Figure 5 displays the results of four selected individuals, where the dash lines represent the truth of the underlying growth curve, the bullet dots are simulated values of $θ_{i, j}$ ’s for $j = 1, \dots, T_{i}$ , the star dots correspond to the posterior median estimates of one’s ability, and the solid dash lines indicate the 95% credible band of the estimates. Figure 5(B) and 5(C) show that the true growth curves of fourth and sixth examiners both have a steadily increasing growth curve at the beginning and reach a plateau after half of the study period, whereas our estimated growth curves (star dotted line) capture the trend of the truth (dash lines) very well, and all true values (dash lines) are within the 95% CIs of our estimation (solid lines). For the second and eighth subjects, seen from Figure 5(A) and 5(D), their growth curves are strictly increasing over the study period, and similarly, our proposed method can capture the underlying trend well under these situations.

Figure 5.

The estimation of latent trajectories for the fourth, sixth, seventh, and eighth subjects. (A) Second individual. (B) Fourth individual. (C) Sixth individual. (D) Eighth individual.

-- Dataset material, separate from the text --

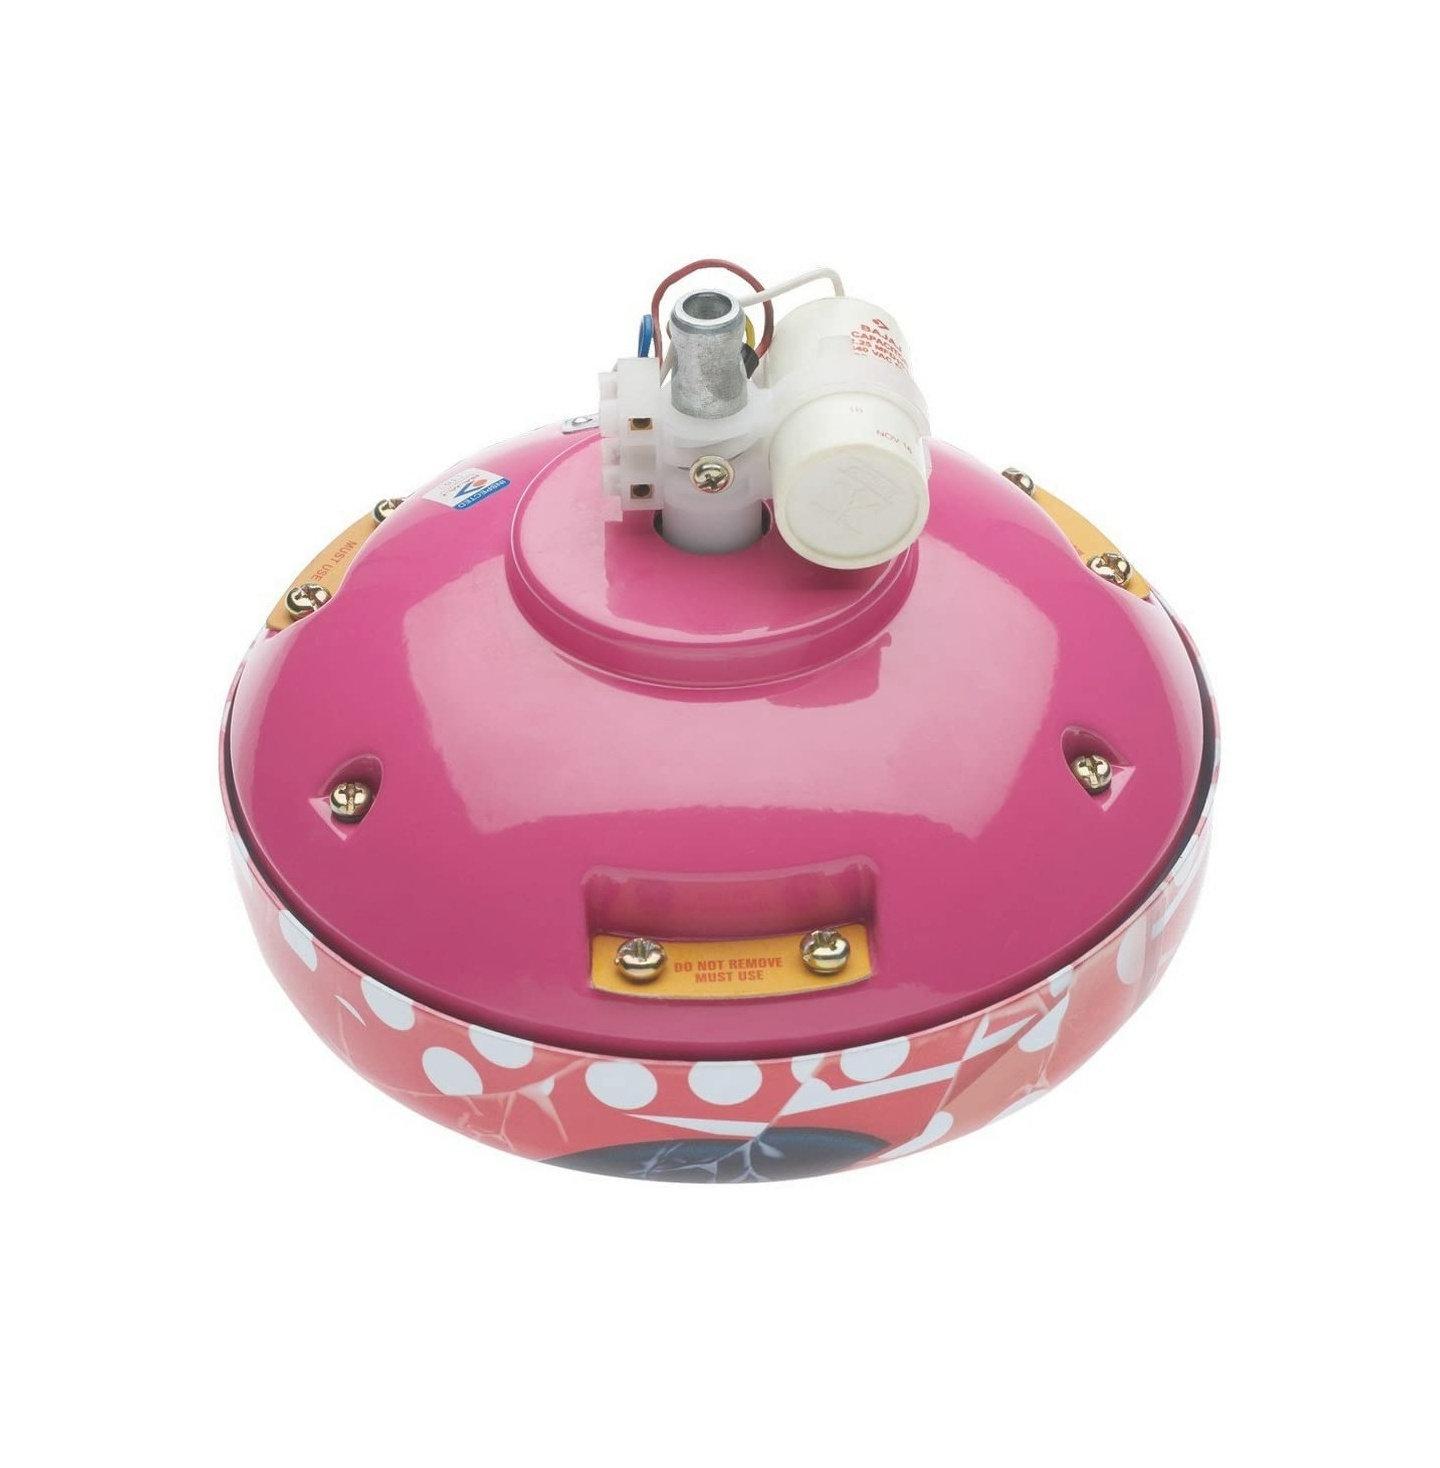 Bajaj Disney Minnie Mouse 1200mm Ceiling Fan Newjaspal Electrical

In addition, we calculate the posterior estimates of all other unknowns. The posterior median of $ϕ^{- 1 / 2}$ is 0.0539, with the 95% CI being [0.0471, 0.0610], which includes its true value 0.05. The posterior median as well as 95% CIs of $τ_{i}$ ’s, $β_{i,0}$ ’s, and $β_{i,1}$ ’s are displayed in Figures 6 and 7, where we can see that the true-simulated values of $τ_{i}$ ’s are all inside their corresponding 95% CIs. Notice that in the logistic curve simulations, the true values of $β_{i,0}$ ’s and $β_{i,1}$ ’s are unknown, and thus, we are not able to compare the truth relative to the corresponding 95% CIs for $β_{i,0}$ ’s and $β_{i,1}$ ’s.

Figure 6.

Posterior median and 95% CIs of $τ_{i}$ ’s in logistic curve simulation.

Figure 7.

Posterior median and 95% CIs of $β_{i, 0}$ ’s and $β_{i, 1}$ ’s in logistic curve simulation.

5. Application to EdSphere Data

Since our approach has been successfully applied to estimate the trend of $f_{i} (\cdot)$ from simulated data and recovered the true values of parameters well, we will employ our two-level hierarchical models to the EdSphere data. Due to the limitation of our computer’s RAM (8 GB), a sample of 10 individuals from the EdSphere database was randomly chosen for illustration purpose. The characteristics of the individuals are described in online Appendix B. There are two goals for the analysis of EdSphere data sets. One is to assess the appropriateness of the local independence assumption for this type of data, and the other is to understand the growth in ability of students, by retrospectively producing the estimated growth trajectories of their latent abilities, incorporating the monotone assumption.

The prior specification is the same as the aforementioned simulation examples except we use a zero-truncated Poisson prior for each L_i with $λ = 1$ , which corresponds to a prior belief that using about two different TSP functions, we can explain the changes of the response trajectory in the data. But such prior assumption can be washed out by the data if our data have strong information to indicate that we need more mixture components of TSP functions to explain one’s ability growth. In addition, to examine the sensitivity of the prior specification for L_i , we have tried other λ values; the yielded estimation of latent trajectories are almost the same as those shown in Figure 8.

Figure 8.

The estimation of latent trajectories for the second, third, sixth, and seventh subjects. (A) Second individual. (B) Third individual. (C) Sixth individual. (D) Seventh individual.

We have run in total 500,000 iterations and burn in the first one fifth of the samples, and to reduce dependence of MCMC samples, we have taken only every 20th value of MCMC samples. We have checked the trace plots of model parameters to access the convergence for MCMC samples, and we found a good mixing is observed after our burn-in and thinning process. Figure 8 shows the estimated trajectory of four individuals, which represent four types of growth curves we typically observed from the data.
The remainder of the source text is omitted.